#### Your instructions
Without the images, repeat every line of the listing verbatim.

[Given material]

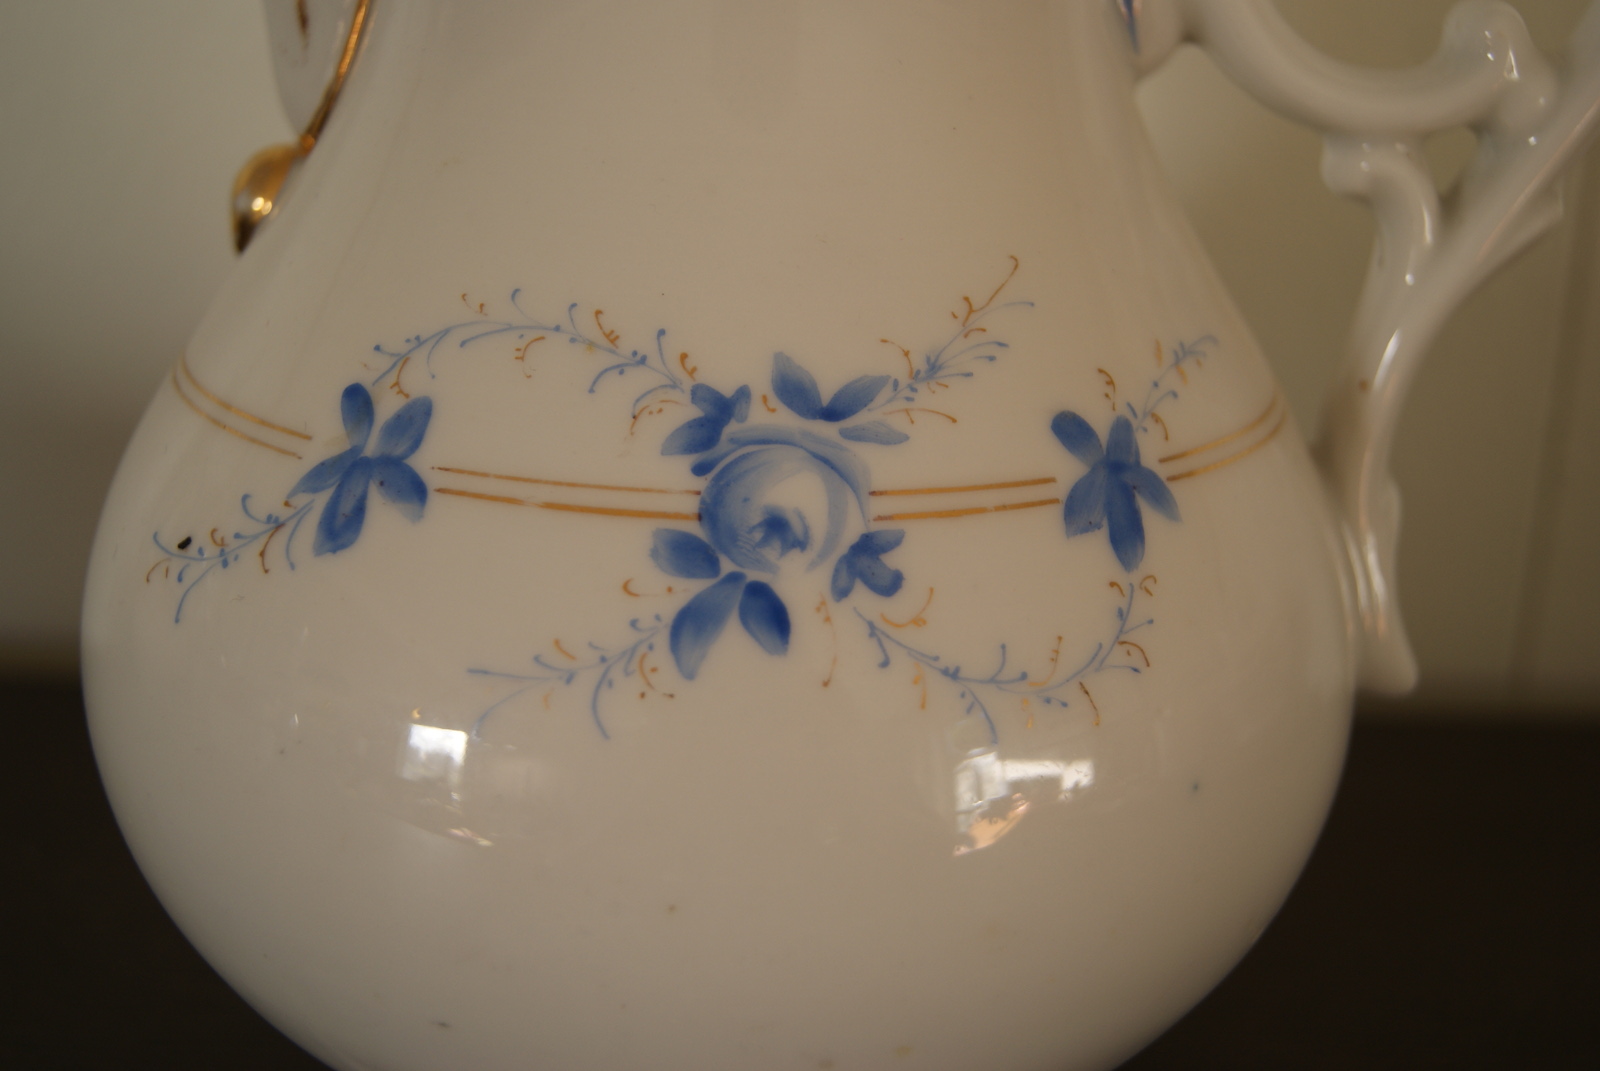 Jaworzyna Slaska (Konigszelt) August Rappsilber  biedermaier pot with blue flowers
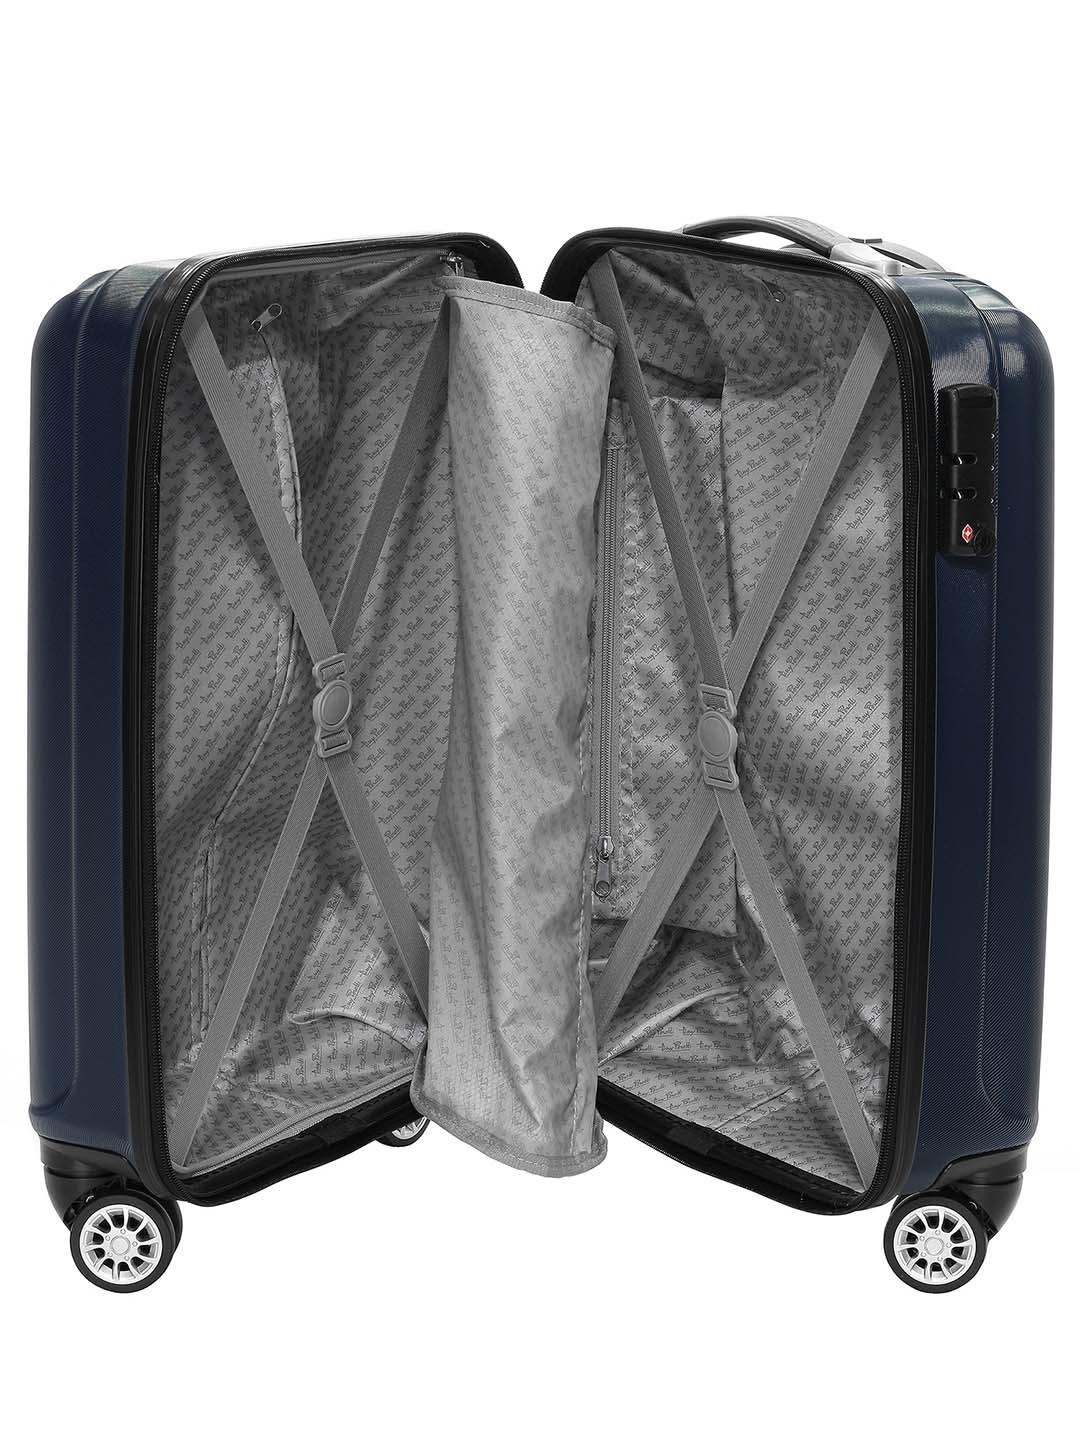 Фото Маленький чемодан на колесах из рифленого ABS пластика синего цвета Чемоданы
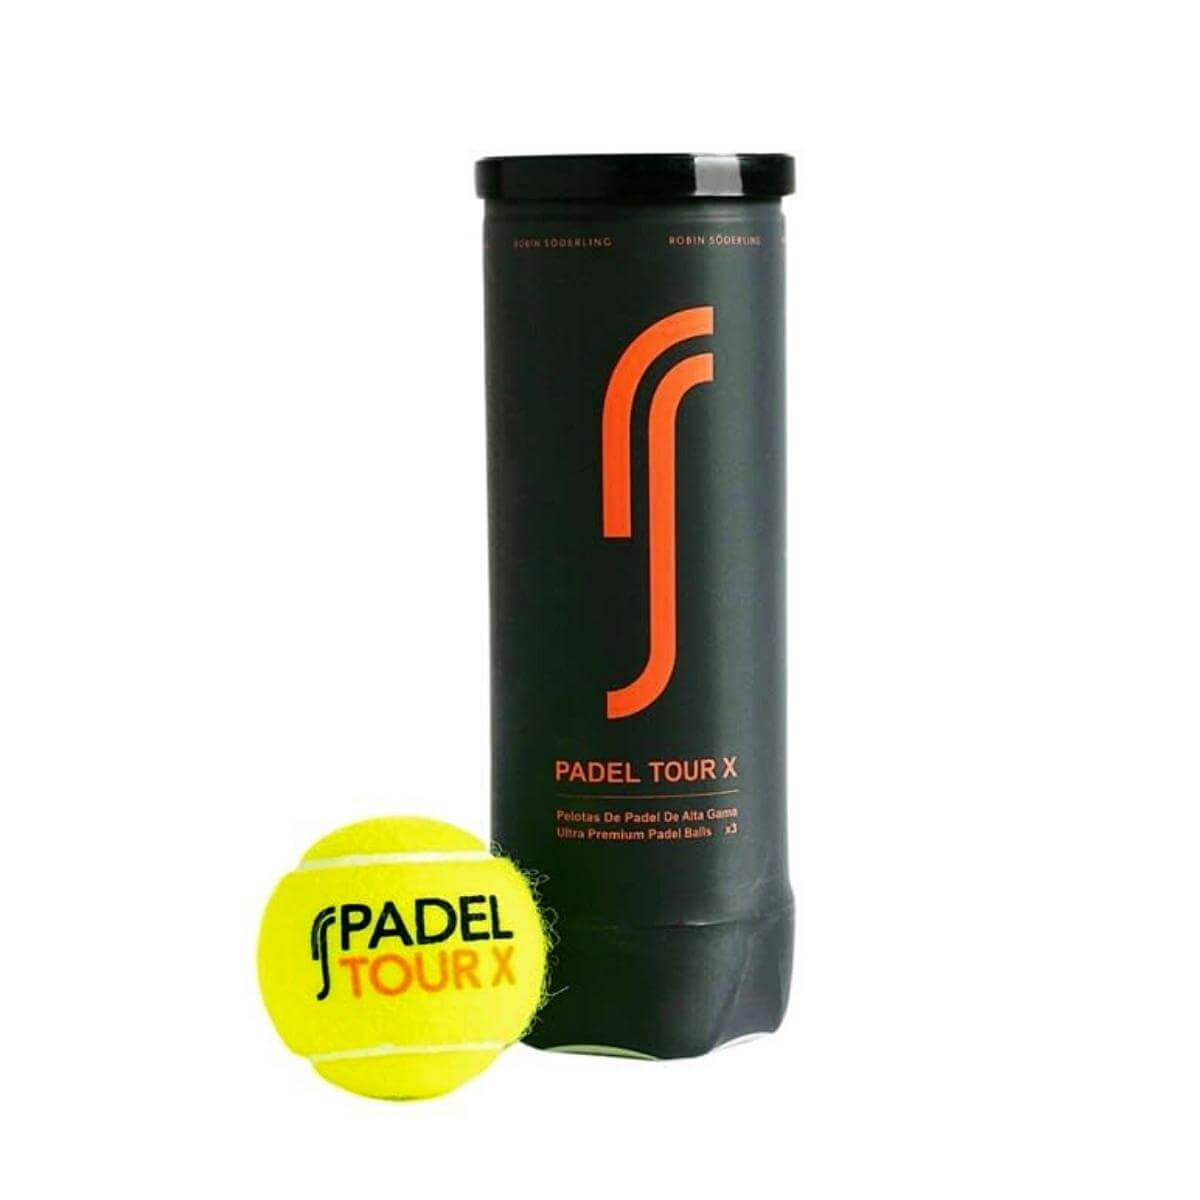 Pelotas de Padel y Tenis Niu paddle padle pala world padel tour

[/Given material]

#### Task response
 Jaworzyna Slaska (Konigszelt) August Rappsilber  biedermaier pot with blue flowers
 Фото Маленький чемодан на колесах из рифленого ABS пластика синего цвета Чемоданы
 Pelotas de Padel y Tenis Niu paddle padle pala world padel tour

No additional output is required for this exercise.